DATASET CONTENT →
[Start of section]

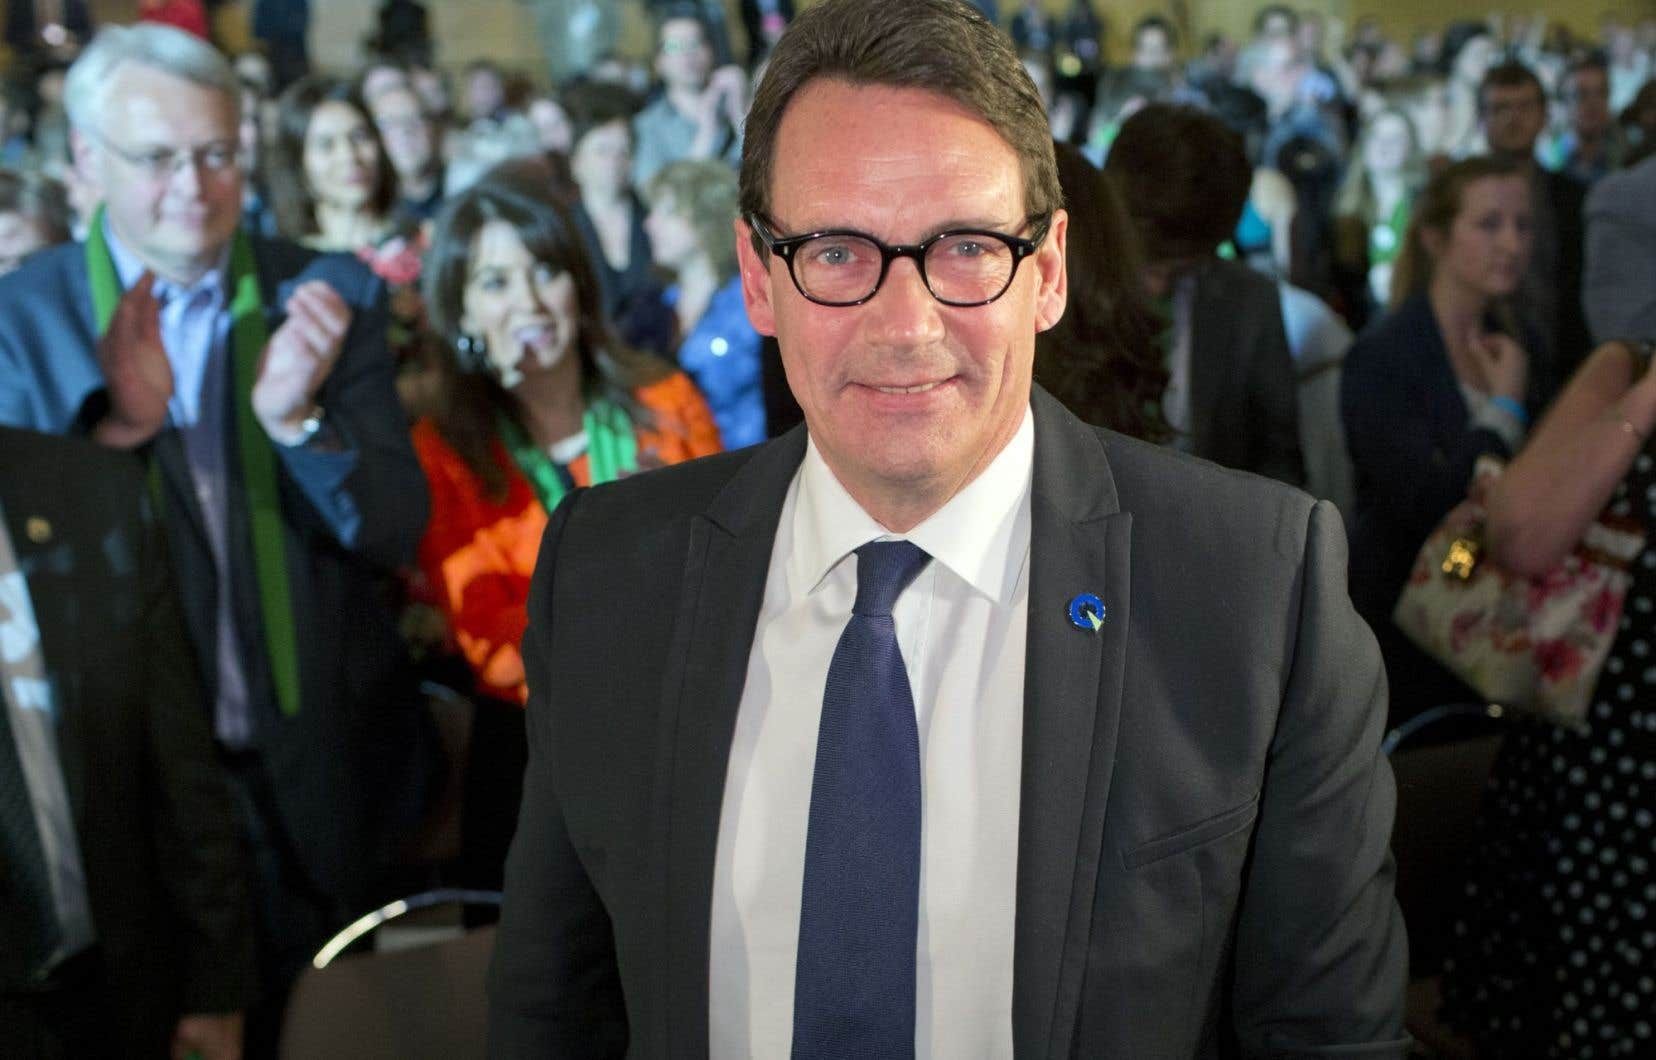 Une coalition de centre gauche formée du Parti québécois (PQ) et de Québec solidaire (QS) serait première dans les intentions de vote avec 38 % d'appuis, devant les libéraux (35 %) et la Coalition avenir Québec (CAQ, 21 %).
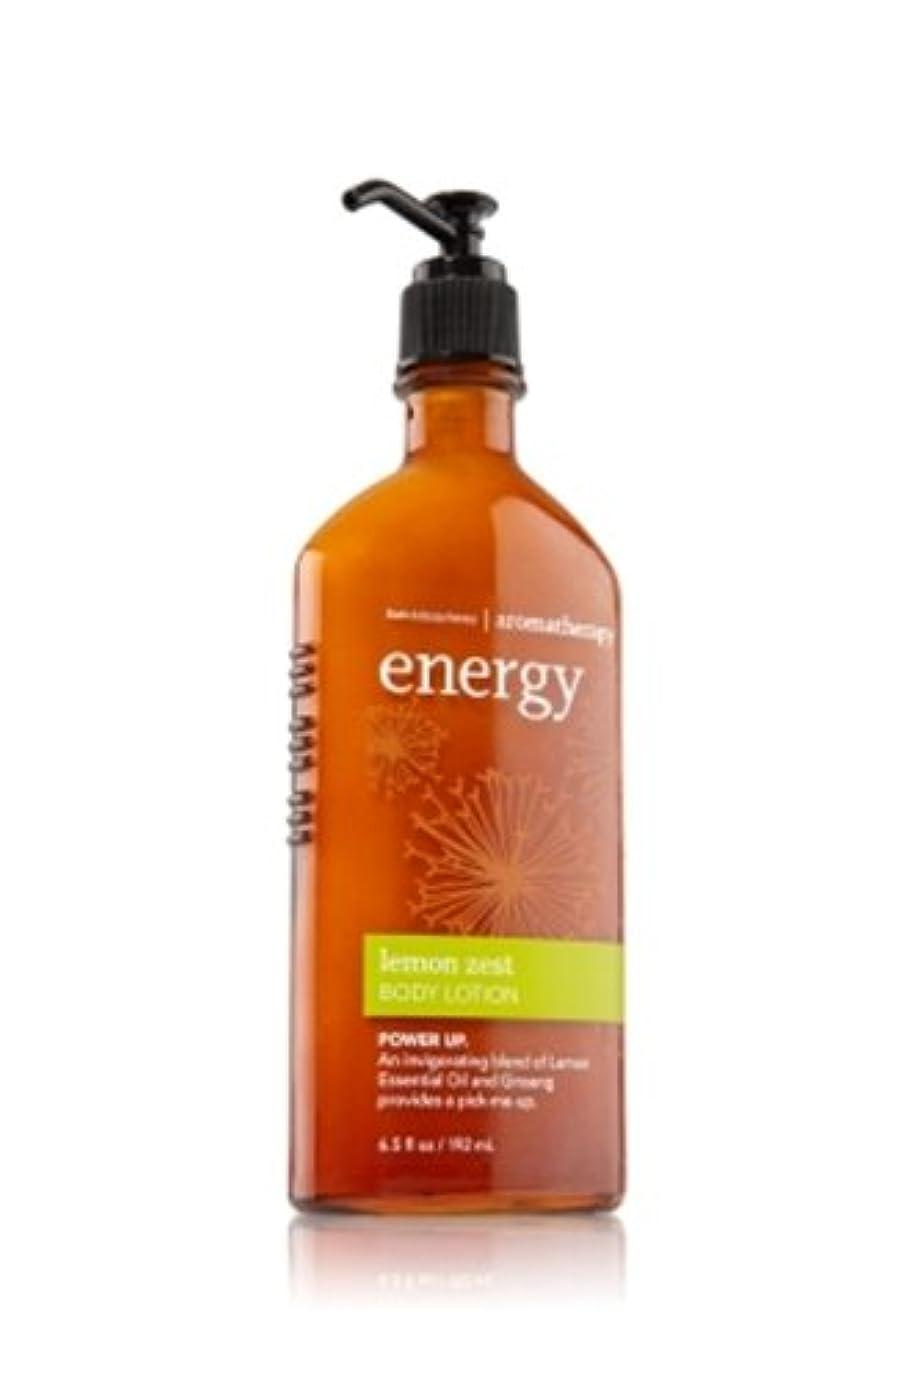 奇跡しっとり電信バス & ボディワークス アロマセラピー エナジー レモンゼスト ボディローション Aromatherapy Energy - Lemon Zest Body Lotion【並行輸入品】
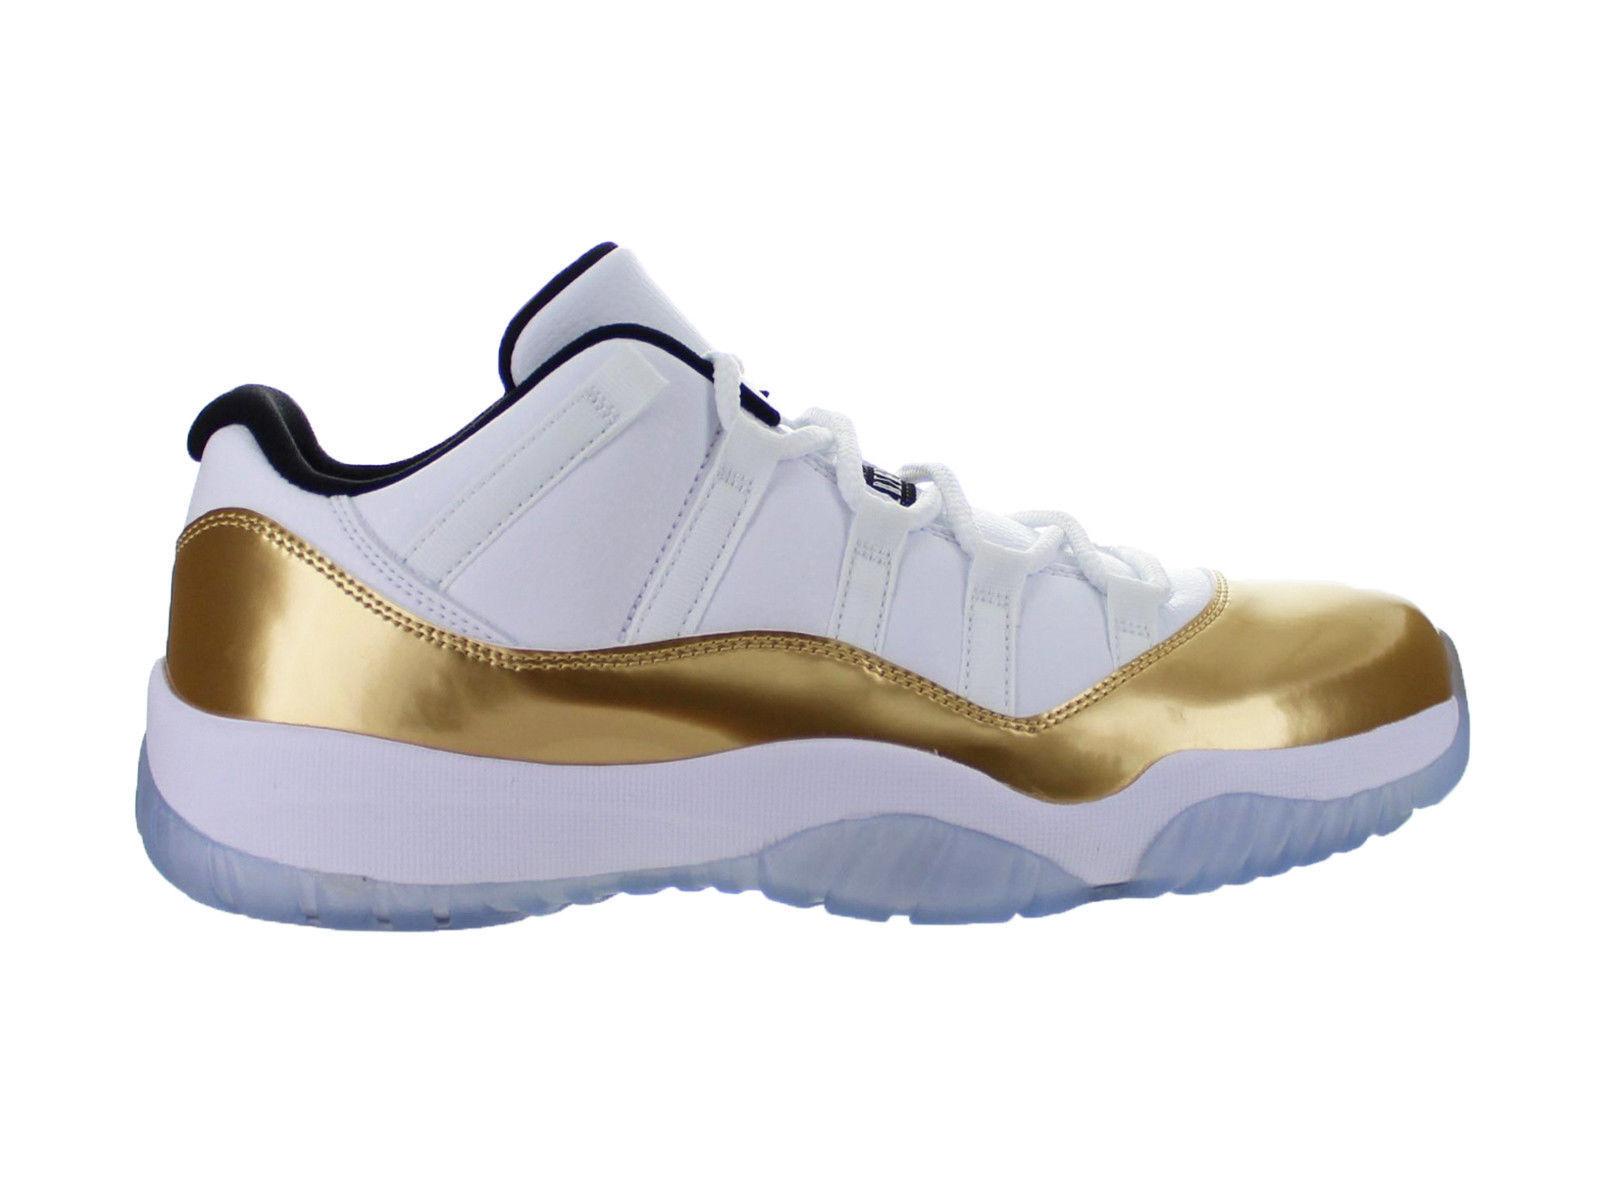 ON HAND NEW Nike Air Jordan Mens Retro 11 Low Gold

[End of section]

EXERCISE DESCRIPTION →
Output the lines above in full and exactly as given, omitting any pictures.

SOLUTION FOR THIS TASK →
 Une coalition de centre gauche formée du Parti québécois (PQ) et de Québec solidaire (QS) serait première dans les intentions de vote avec 38 % d'appuis, devant les libéraux (35 %) et la Coalition avenir Québec (CAQ, 21 %).
 奇跡しっとり電信バス & ボディワークス アロマセラピー エナジー レモンゼスト ボディローション Aromatherapy Energy - Lemon Zest Body Lotion【並行輸入品】
 ON HAND NEW Nike Air Jordan Mens Retro 11 Low Gold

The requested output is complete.